I do have a case history and photos. Its below in my signature.  I will try to get new photos.  The phyto quench is powder.  it does not have devils claw.  Should I cold turkey stop with the banamine and give devils claw?   I just got a new farrier. literally yesterday.  He thinks the inflammation is because the feet were not being done correctly and toe was out of control. He hopes.  I just added the Atch, insulin and glucose test results to my case history..  They look normal. But im no vet.  God, I hope he get better with just being trimmed correctly.  I had a great farrier Lois but she fell ill.  And Remy was improving so much under Lois trimmings.  So I chose this other girl but he kept declining under her trimmings.    To the point he was laying down again.  He has not layed down in months.  Again, Please god, I hope this is the reason.  Otherwise, I dont know.  The only other thing, is the sensitivity to the belly. my horse loves to be groomed that is not normal for him to want to bite me and pinn his ears.    If all his numbers are normal for the past year.  Im not going to pay for xrays,  I think im going to spend money on getting him scoped and ultrasounded.  Thats my gut feeling.  I dont know.  Let me know if you think Im wrong.  

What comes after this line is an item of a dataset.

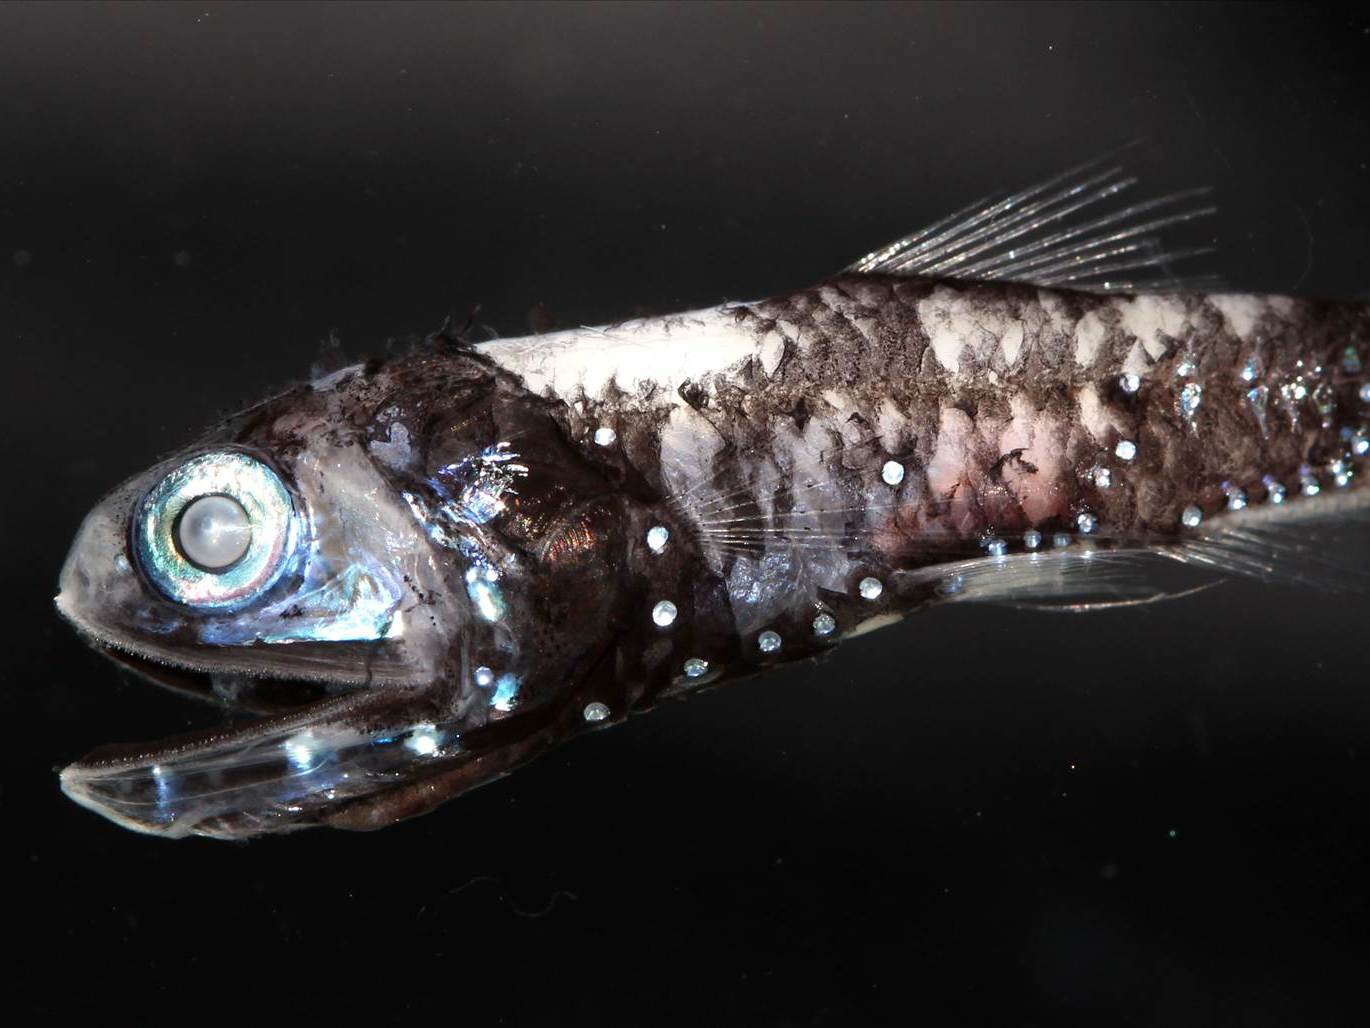 New type of highly sensitive colour vision discovered in deep-sea fish
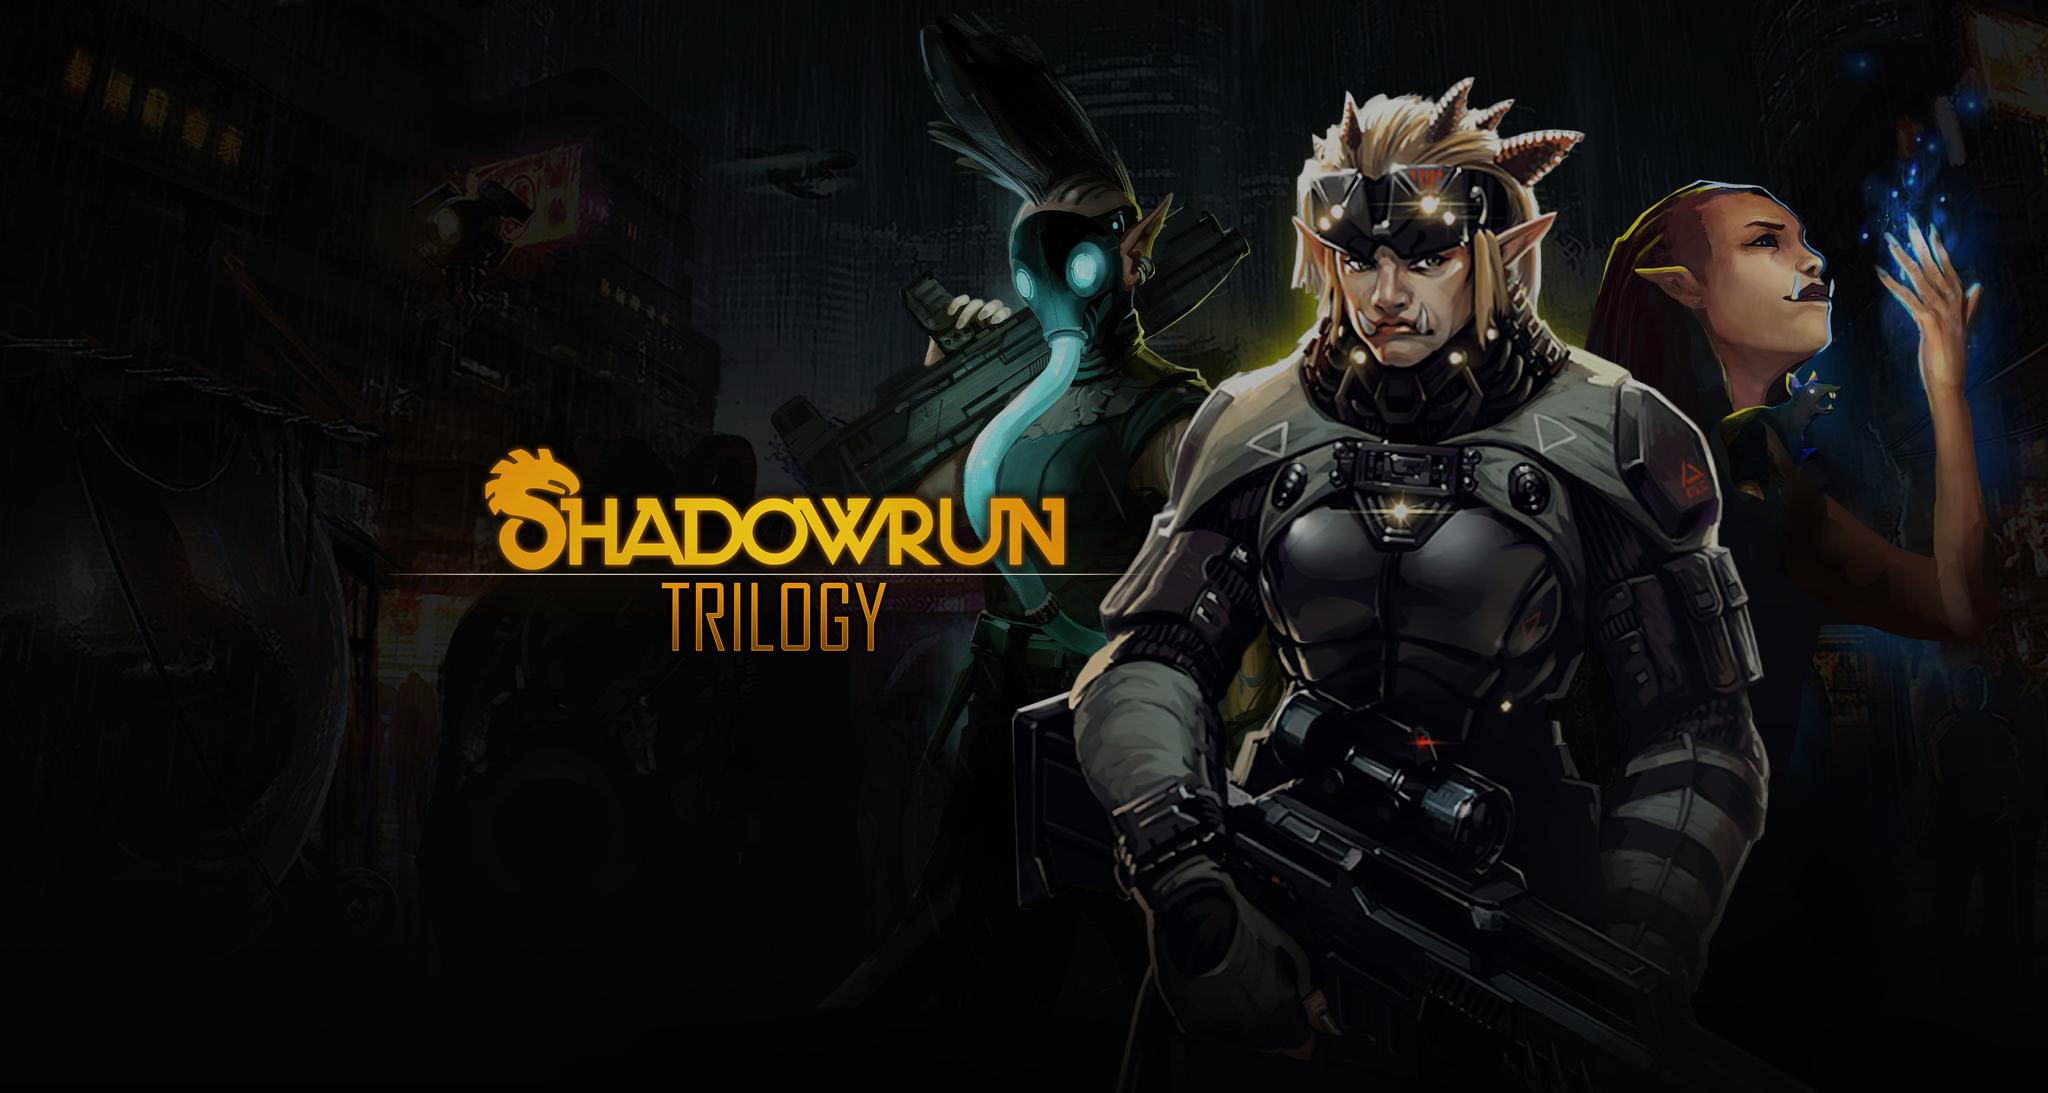 Shadowrun Trilogy is coming to consoles in June 2022

One more thing.  In my account on this page,  in the identity section.  I have kept a diary of events.  Its a years worth, so its long.  I can provide that too.

Im just putting this out there.  I would be happy to  pay for Dr Kellons advice.  Im not looking for free advice, Although I appreciate it.  Because this can be costly.  

Again Thanks, 

  Mel
--
MELANIE SCHWARTZ
DAVIE,  FLORIDA 33328
October 30, 2020
Remy's Case History: https://ecir.groups.io/g/CaseHistory/files/Melanie%20and%20Remy
Remys photos:  https://ecir.groups.io/g/CaseHistory/album?id=263092


Eleanor Kellon, VMD
 

Melanie,

His current labs really aren't consistent with endocrine related laminitis and it won't strike one foot dramatically worse either. Judging by the last films, there are several gas pockets in both feet.  The feet also look too short in vertical height to me and have poor sole depth. I would let them grow higher while keeping that toe way back because there is a large laminar wedge in there trying to grow out.  I would clip the hair back off the coronary band and use the angle of the uppermost growth to guide how far to back up the toe.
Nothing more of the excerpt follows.